The notion that voters cast ballots only on Election Day is "antiquated," declared Browning, who described how fully half of Florida's 8.4 million voters cast early or absentee ballots this year. "I could not imagine conducting an election without early voting," added Browning, who said trying to usher that many voters through Florida's 7,000 polling places on one day would have been asking for trouble.

How to expand and improve early voting was just one of several topics dominating the conference, which brought together top election officials from Kentucky, Missouri, Ohio, Pennsylvania and elsewhere. The No. 1 issue on many election officials' minds, not surprisingly, was voter registration, which generated huge controversy in the weeks leading up to the election.

Voter protection advocates are pushing hard for so-called universal, or automatic, voter registration as the centerpiece of any election reform that Congress takes up next year. Models on the table include using existing government lists, such as motor vehicle records; identifying voters through census-style enumeration; and automatically registering 17-year-old citizens before they reach voting age.
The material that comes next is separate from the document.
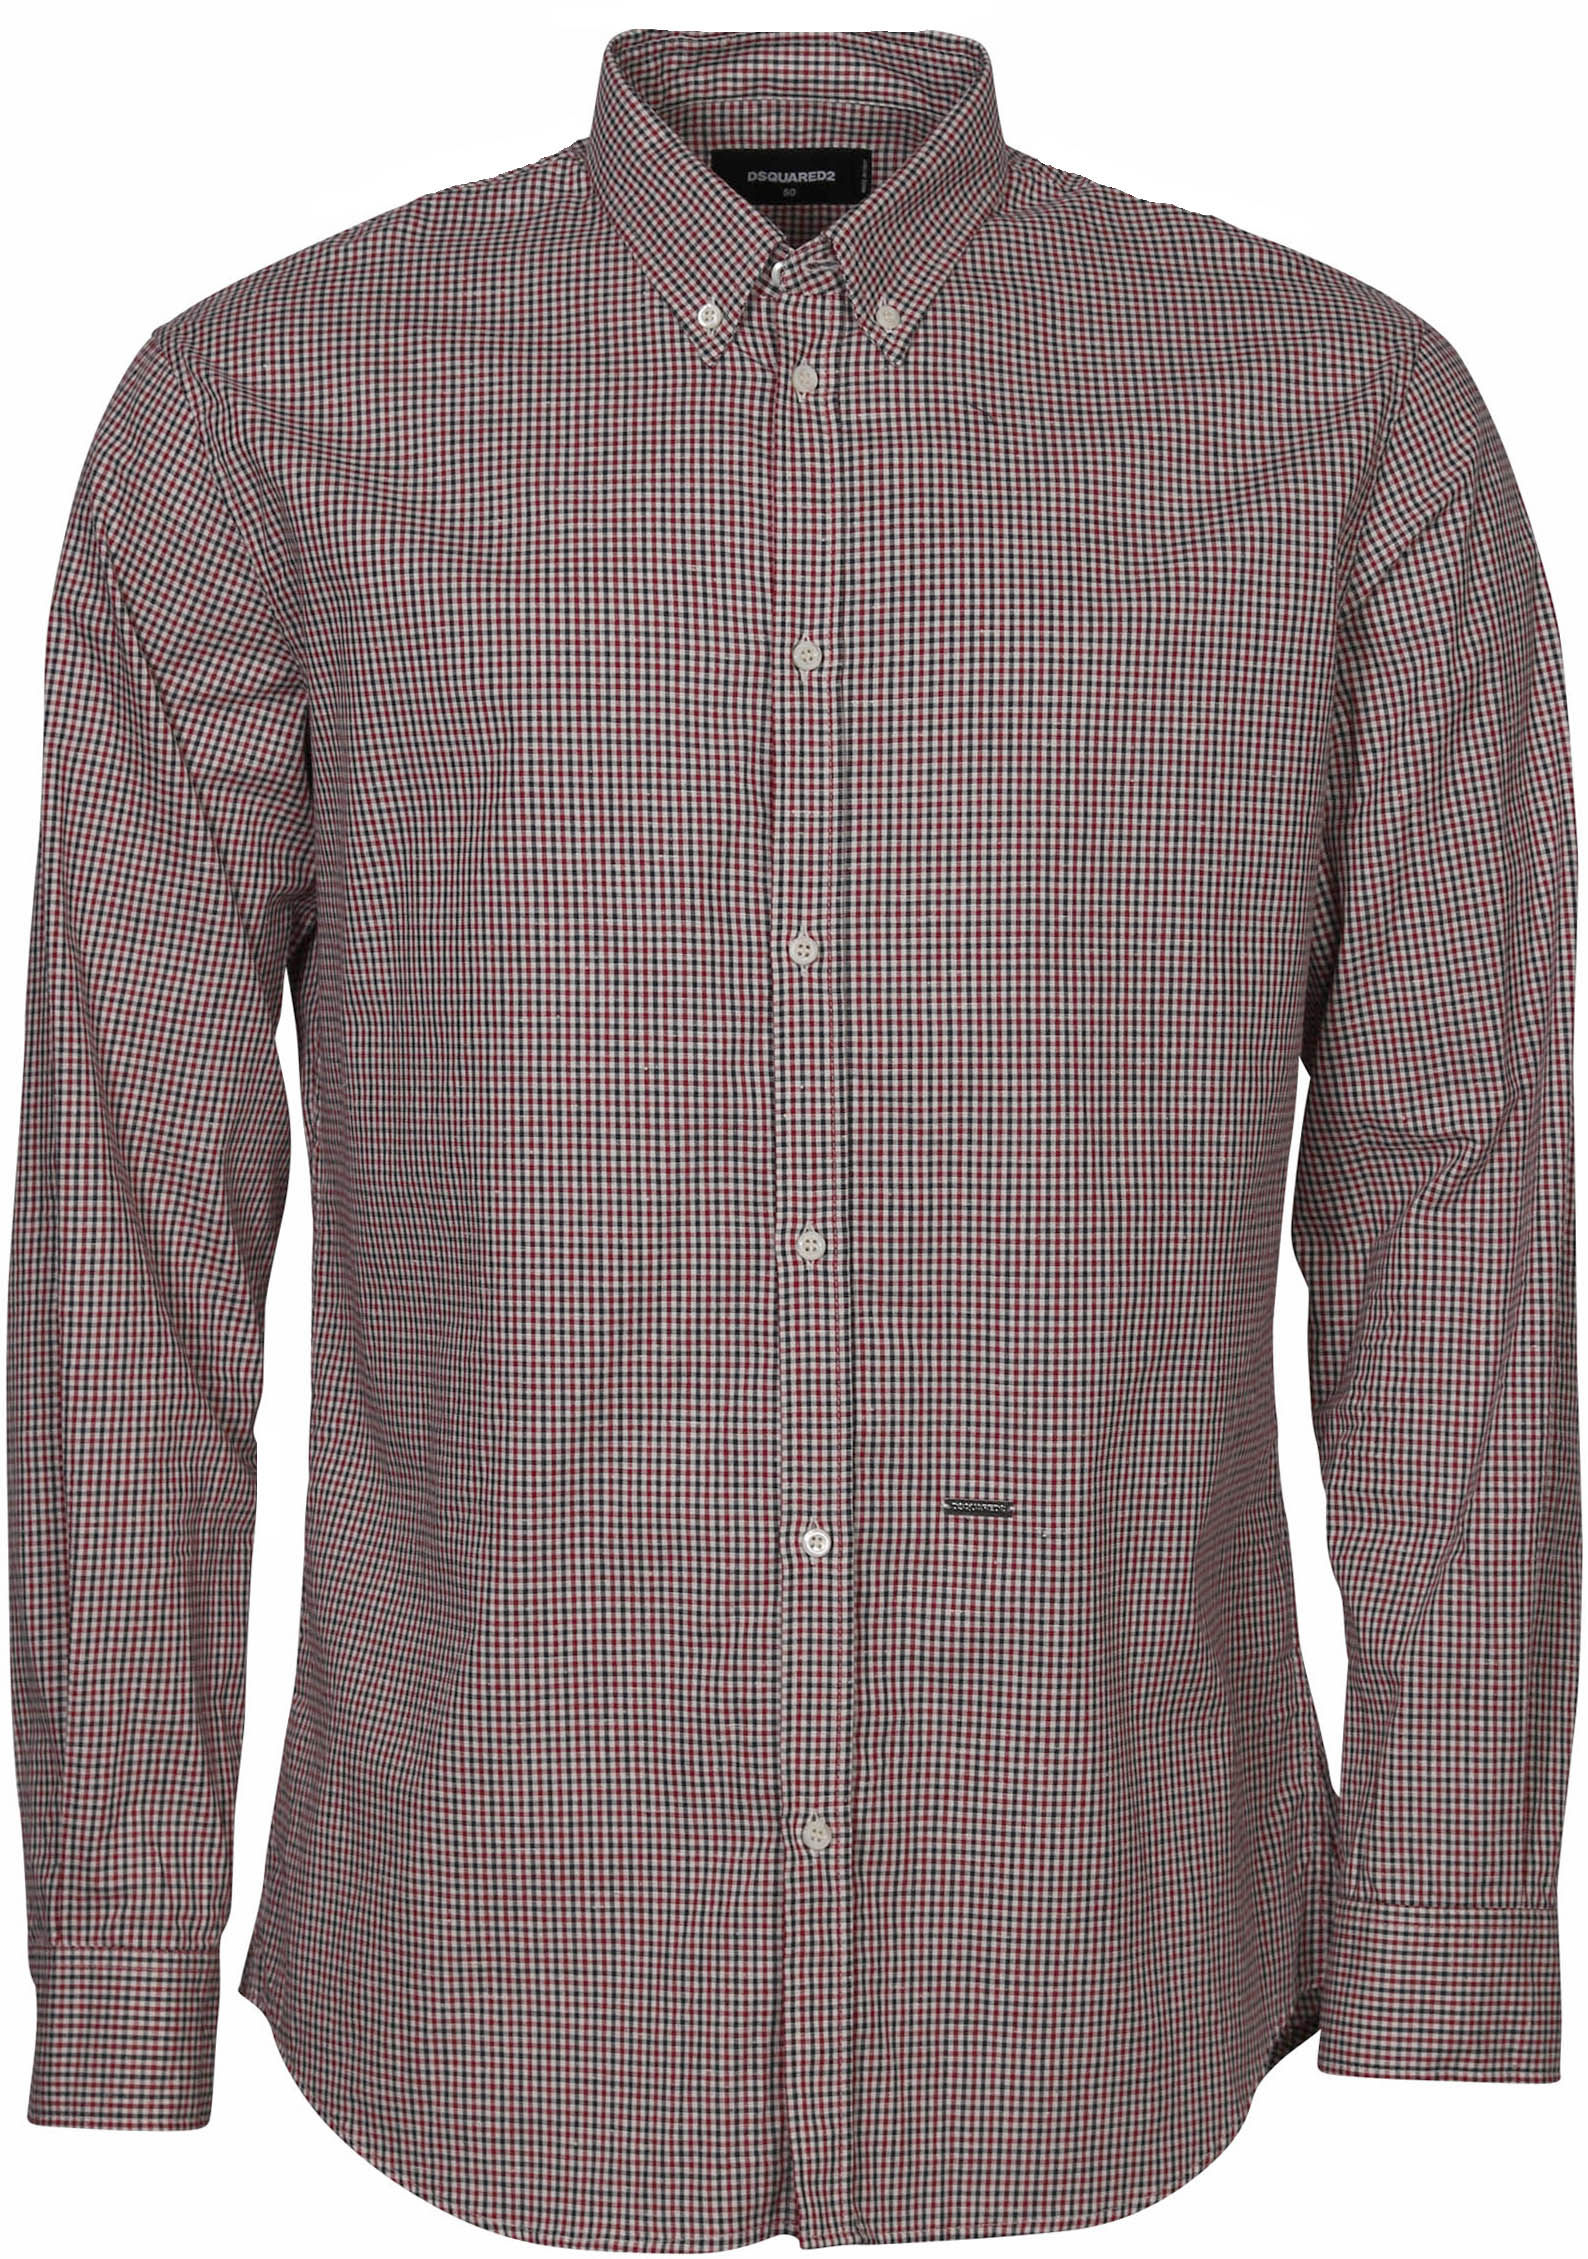 Dsquared Check Shirt Red/Navy/Beige

"It is feasible to have a permanent list at the federal level," Jean-Pierre Kingsley, Canada's former chief electoral officer, told conference participants. It costs Canada less than $8 million a year to maintain its list of 23 million eligible voters, said Kingsley, now president of the International Foundation for Electoral Systems, an international nonprofit that fosters democratic participation.

Of course, not all state and local election administrators are ready to embrace universal voter registration. But a surprising number of election officials at the conference expressed interest in expanding the government's role in registering, or at least tracking, voters. Thanks to the 2002 Help America Vote Act, virtually all states have established searchable statewide voter registration databases. Those databases make it easer for election officials to tap motor vehicle and postal records, for example, to track voters who move, election experts say.

An interim step that's receiving state attention is online voter registration, which many election officials see as an antidote to the registration problems that surfaced in the recent election. Though allegations of fraud by the Association of Community Organizations for Reform Now, or ACORN, were widely perceived as exaggerated, election officials still complained that third-party registration drives left them swamped with duplicative and error-riddled forms. A wave of new registrants also contributed to the backlog.

The spike in new voters created a nightmare scenario for election officials in California, Secretary of State Debra Bowen told conference-goers. Bowen described a "sea of paper" that submerged election workers, who spent hours bogged down in clerical data entry and in "trying to remove duct tape and remove staples" from zealously sealed envelopes containing registration forms.

California's paper-based registration system "results in an enormous number of errors, some just because you're trying to decipher people's handwriting," Bowen said. A state law enacted in September will usher in online voter registration, she said, identifying registrants through their dates of birth, the last four digits of their Social Security numbers, and the numbers from either a California driver's license or identification card. The new system should be in place by 2010, Bowen said.

Washington state launched an online voter registration system in January as a result of legislation enacted last year. The state registered more than 250,000 new voters, thanks in part to the new online registration system, a spokesman for Secretary of State Sam Reed said. Arizona, the first state to implement online voter registration, registered more than 105,000 voters in September alone on its EZVoter system.

"There may be ways to both make the system more effective for voters and more efficient for those who pay for the system," said Doug Chapin, director of Electionline.org, a project of the Pew Center on the States, during a conference break.

Other leading conference topics included improving early voting procedures; managing long lines; improving the voting system for military and overseas voters; ballot design and voting machines; and online voting. The big question for election officials going forward will be whether such proposed fixes will ultimately fall to the federal government or to the states.

"There is increasing awareness that elections are a national endeavor, even though they are conducted locally," noted Chapin. "The discussion going forward will be whether a national approach will be a federal approach or a more standard approach."

Chapin added that state officials "have much more ability to really substantially innovate" than federal officials. If the recent Pew/JEHT conference is any indication, they're already thinking far outside the box.